Find the line below with "Tennis ITF W25" and the line with "Plaza de la". Output exactly those lines and everything between them, leaving out the pictures.

- _Record extracts_:
****************************************

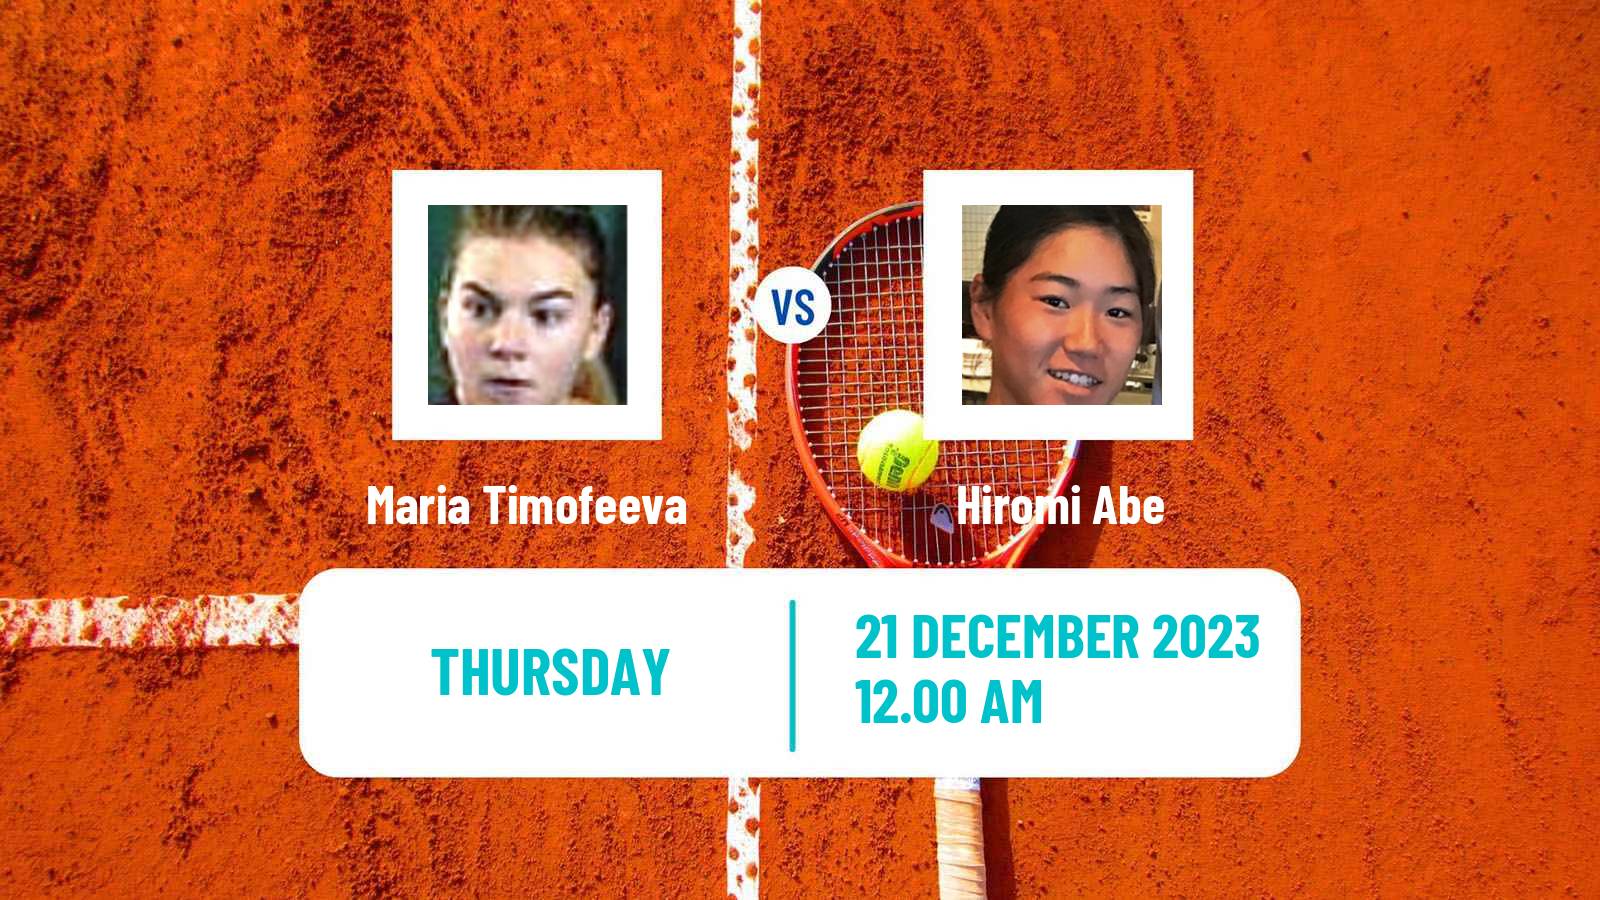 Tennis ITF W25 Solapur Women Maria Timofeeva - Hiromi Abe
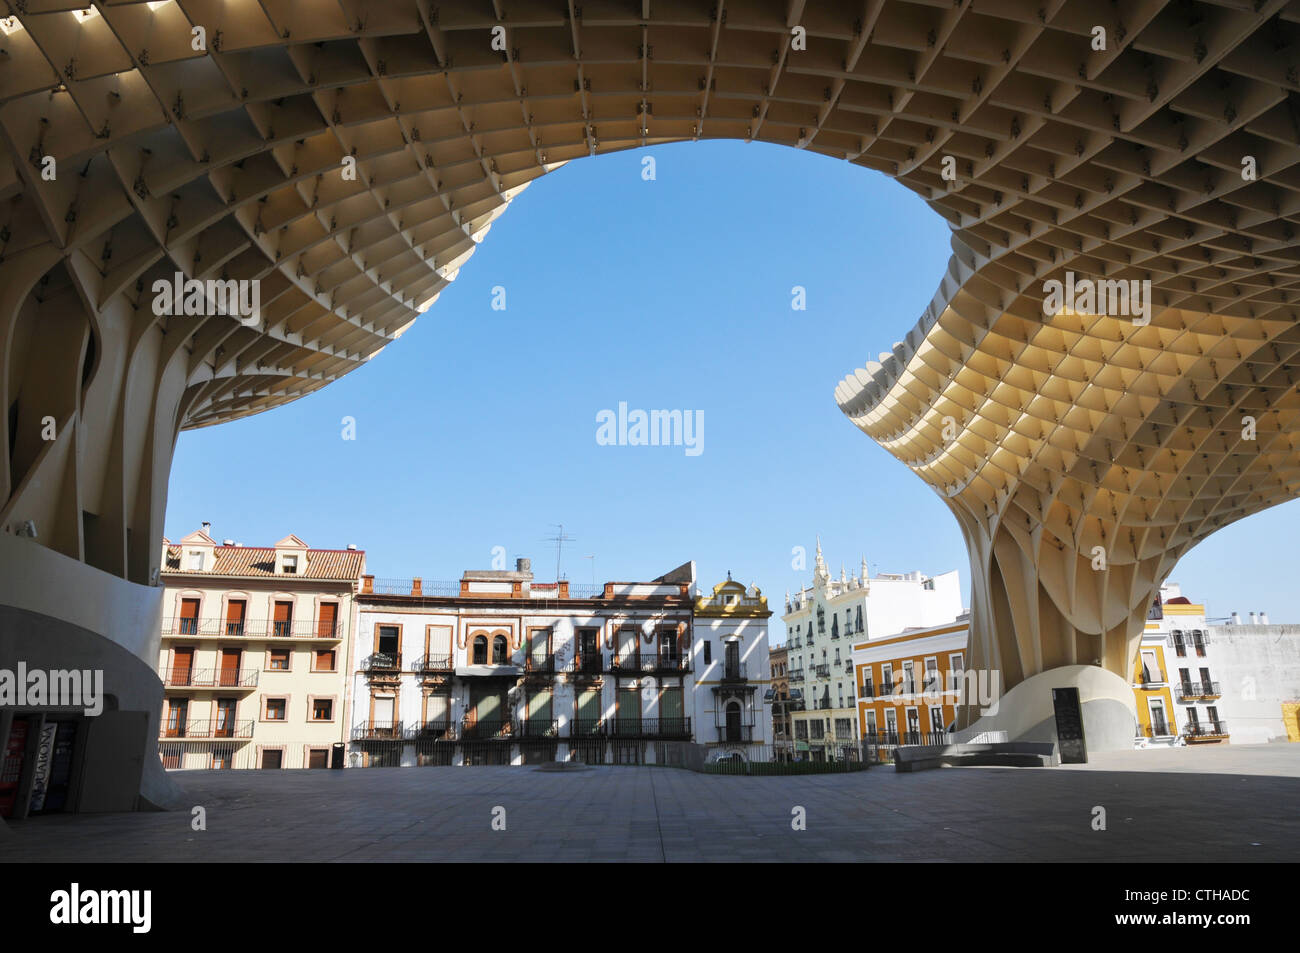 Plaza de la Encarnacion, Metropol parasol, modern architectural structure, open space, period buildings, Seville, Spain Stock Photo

****************************************

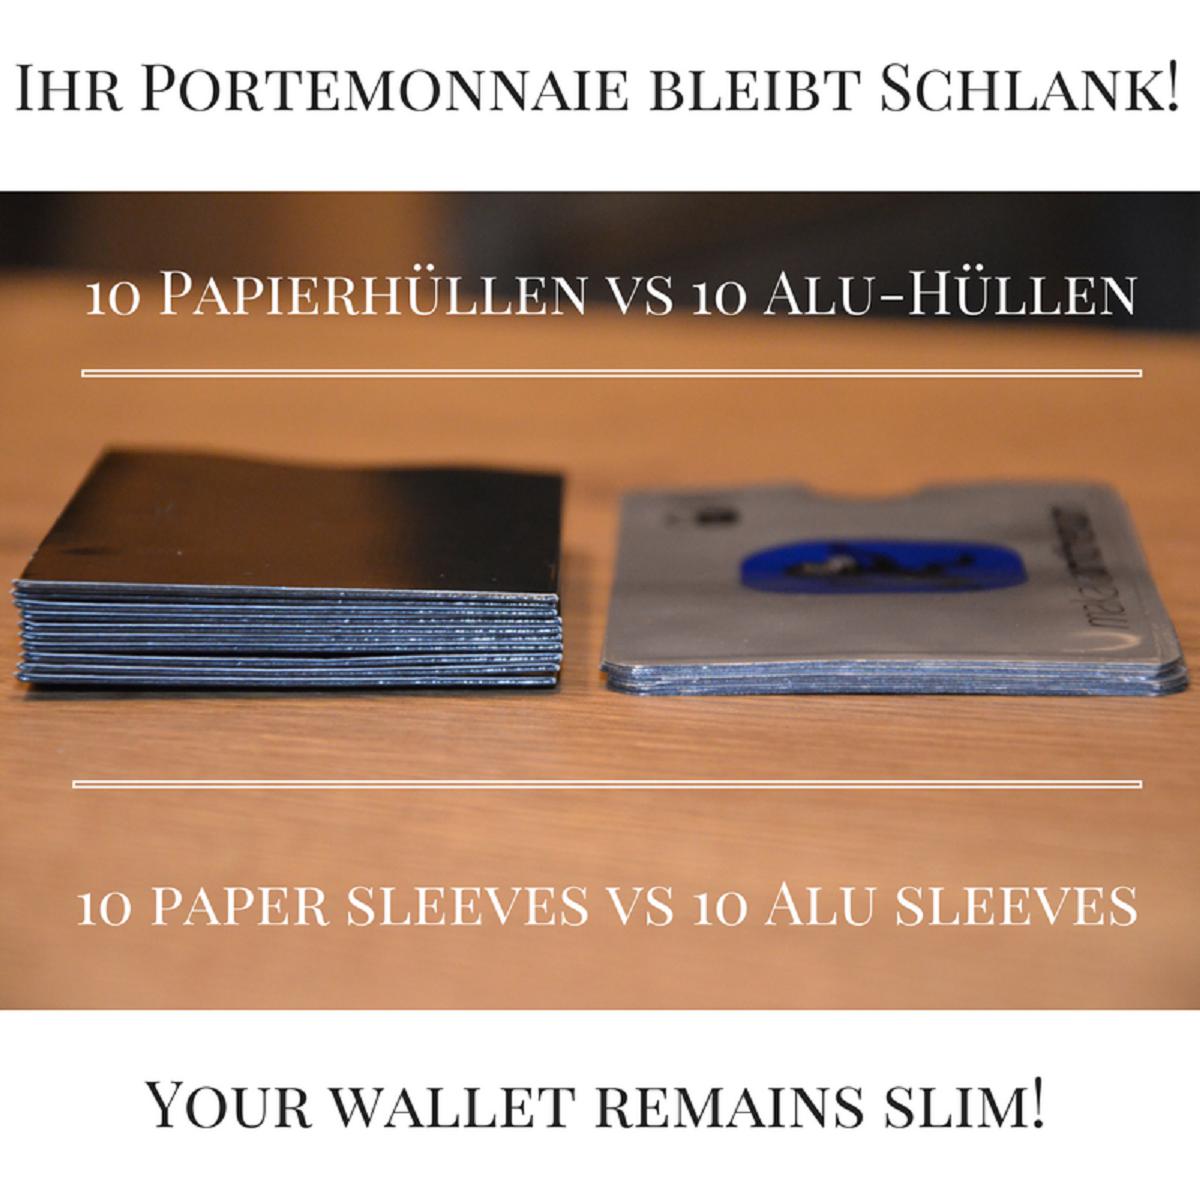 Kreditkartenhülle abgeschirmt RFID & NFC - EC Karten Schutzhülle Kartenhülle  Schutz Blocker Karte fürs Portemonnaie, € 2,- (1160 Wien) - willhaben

****************************************

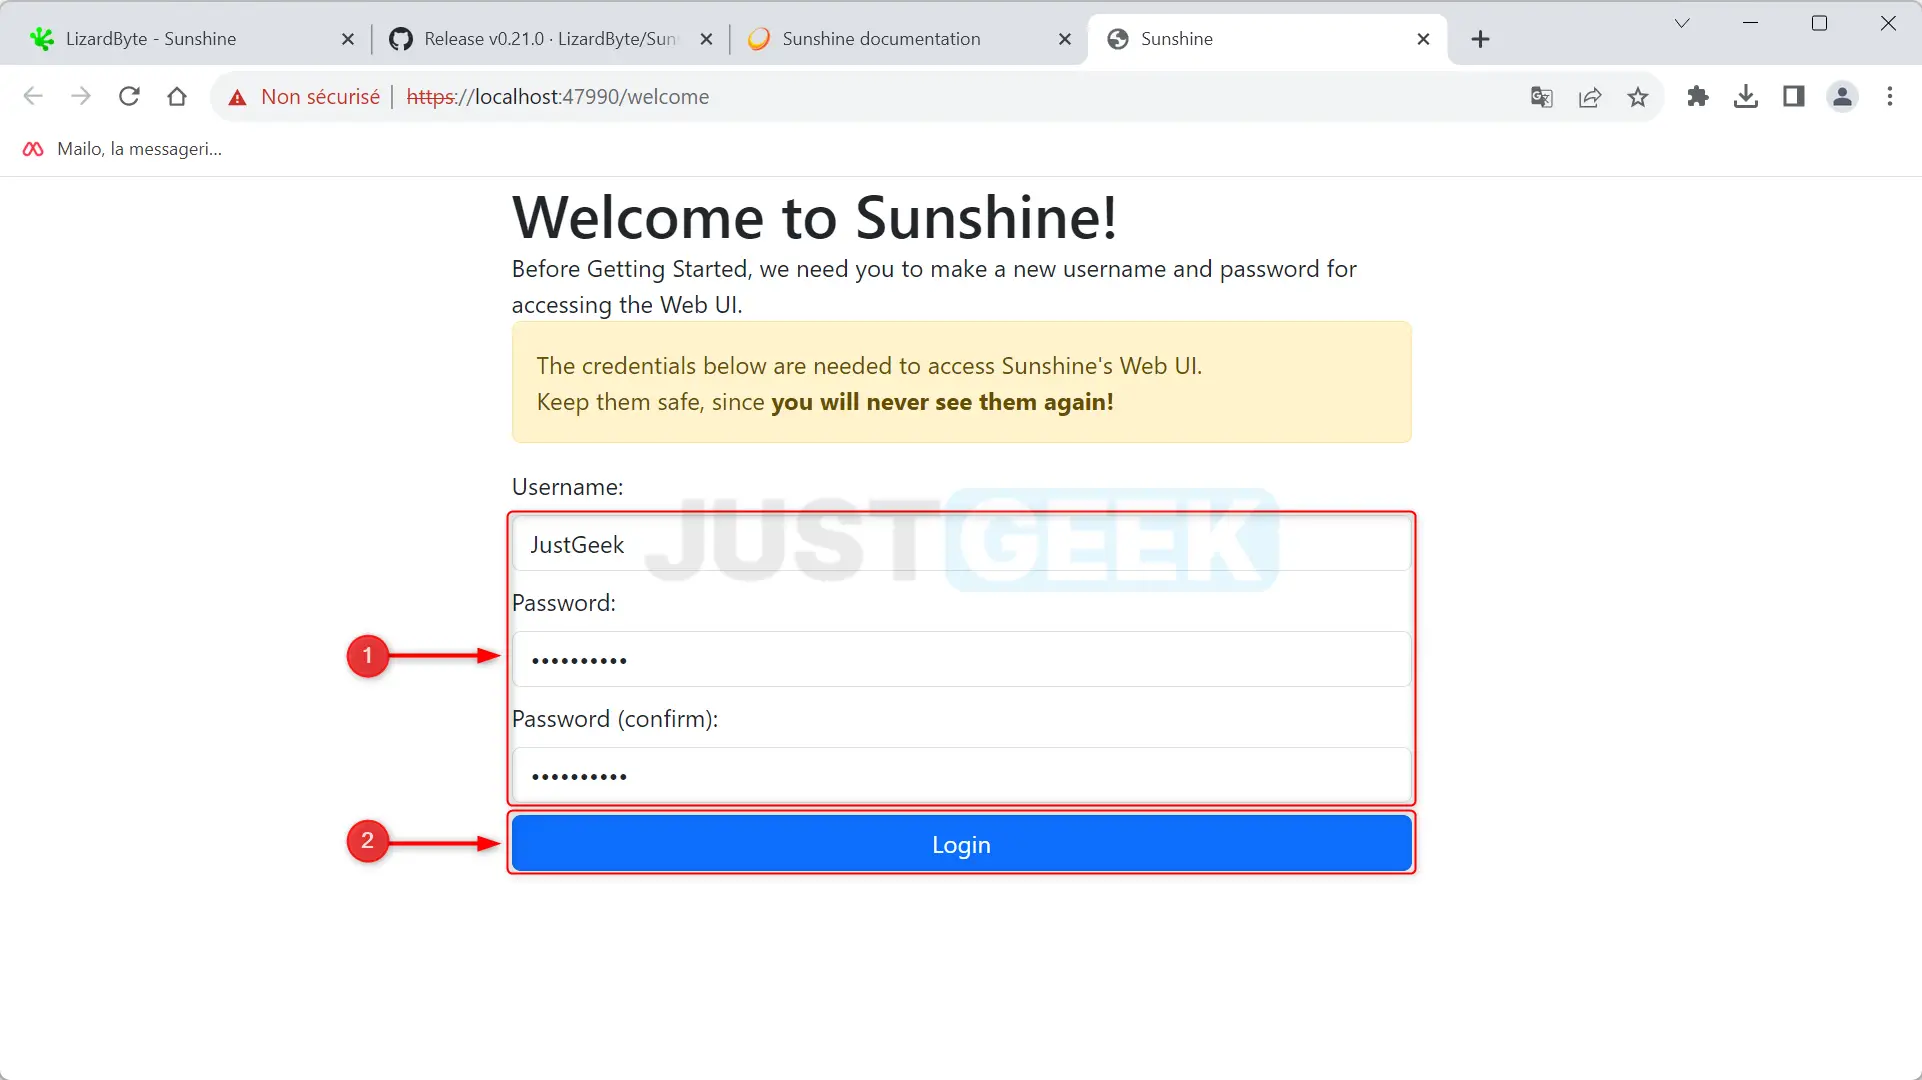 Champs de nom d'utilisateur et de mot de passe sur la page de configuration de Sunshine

****************************************

- _Task result_:
 Tennis ITF W25 Solapur Women Maria Timofeeva - Hiromi Abe
 Plaza de la Encarnacion, Metropol parasol, modern architectural structure, open space, period buildings, Seville, Spain Stock Photo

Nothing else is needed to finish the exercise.